• Stored data:
Content starts

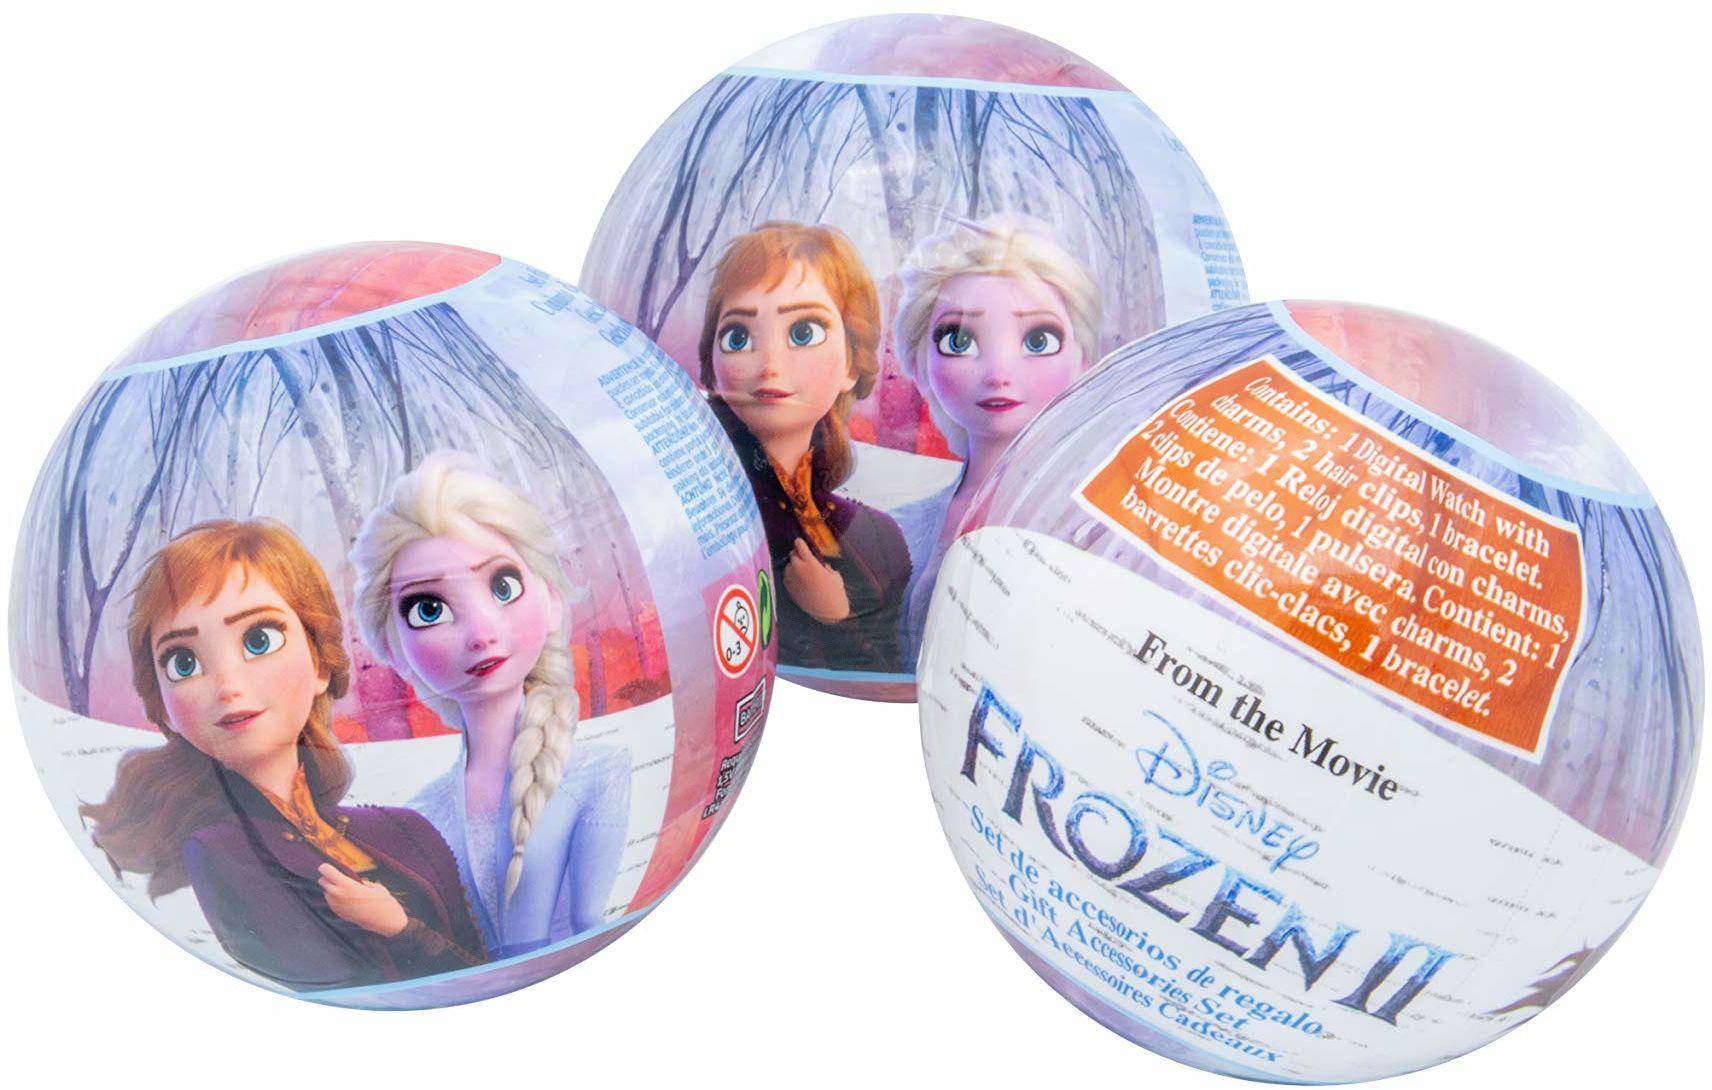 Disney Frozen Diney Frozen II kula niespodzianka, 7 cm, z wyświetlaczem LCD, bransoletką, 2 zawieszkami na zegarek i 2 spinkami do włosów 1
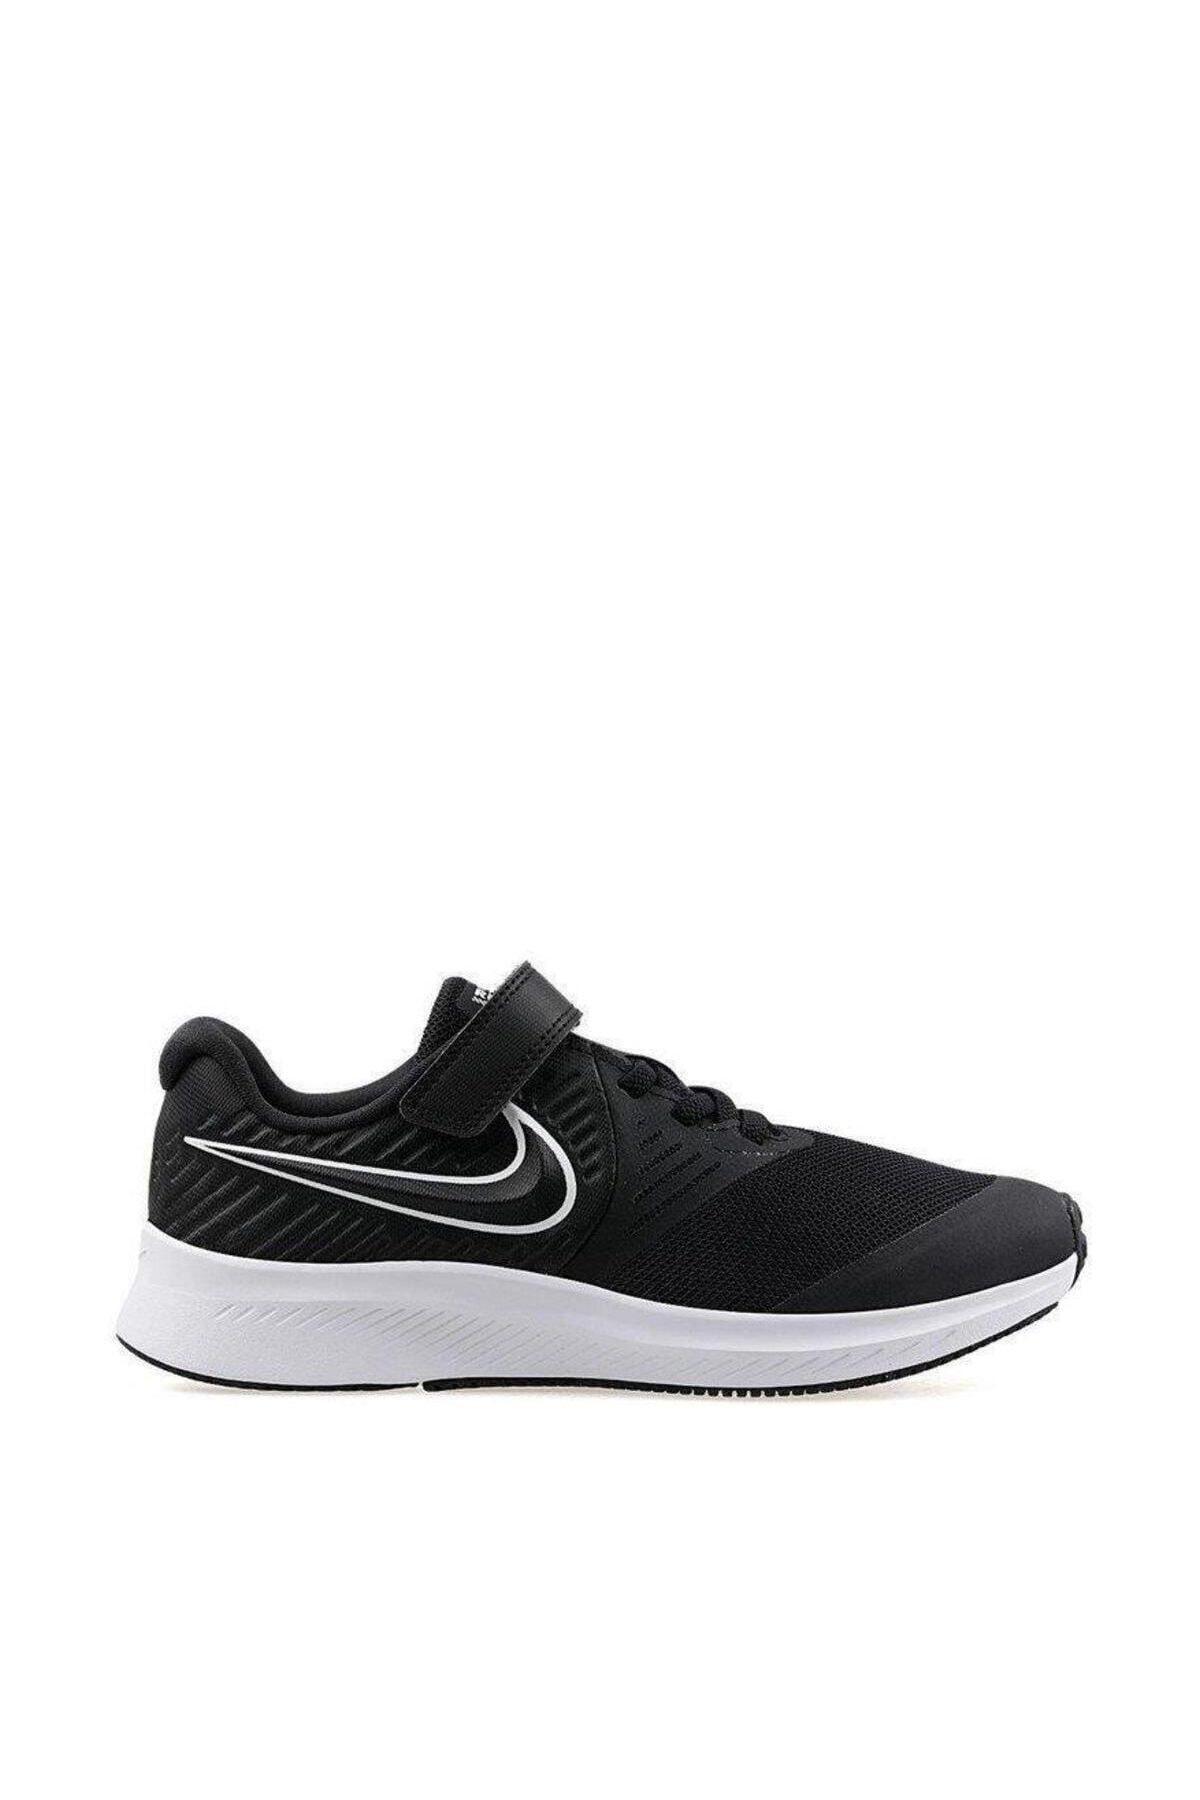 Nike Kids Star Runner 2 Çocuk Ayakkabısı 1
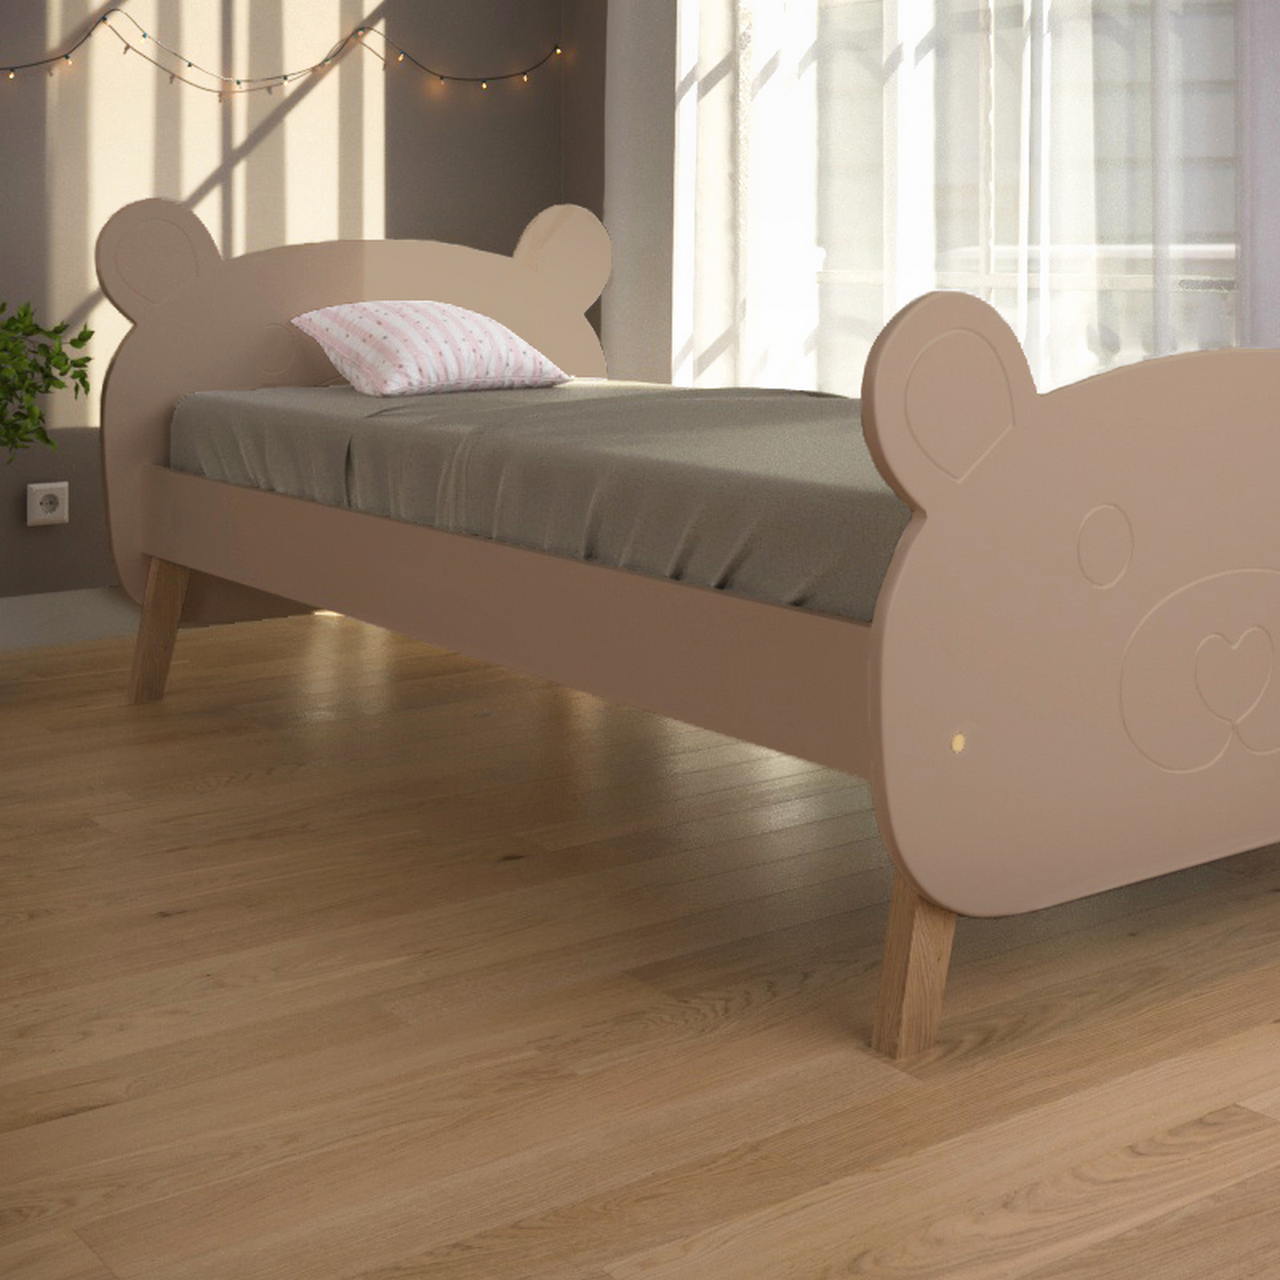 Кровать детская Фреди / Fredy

Content ends

• Problem description:
The listing above should be transcribed word for word, with its pictures left out.

• Response:
 Disney Frozen Diney Frozen II kula niespodzianka, 7 cm, z wyświetlaczem LCD, bransoletką, 2 zawieszkami na zegarek i 2 spinkami do włosów 1
 Nike Kids Star Runner 2 Çocuk Ayakkabısı 1
 Кровать детская Фреди / Fredy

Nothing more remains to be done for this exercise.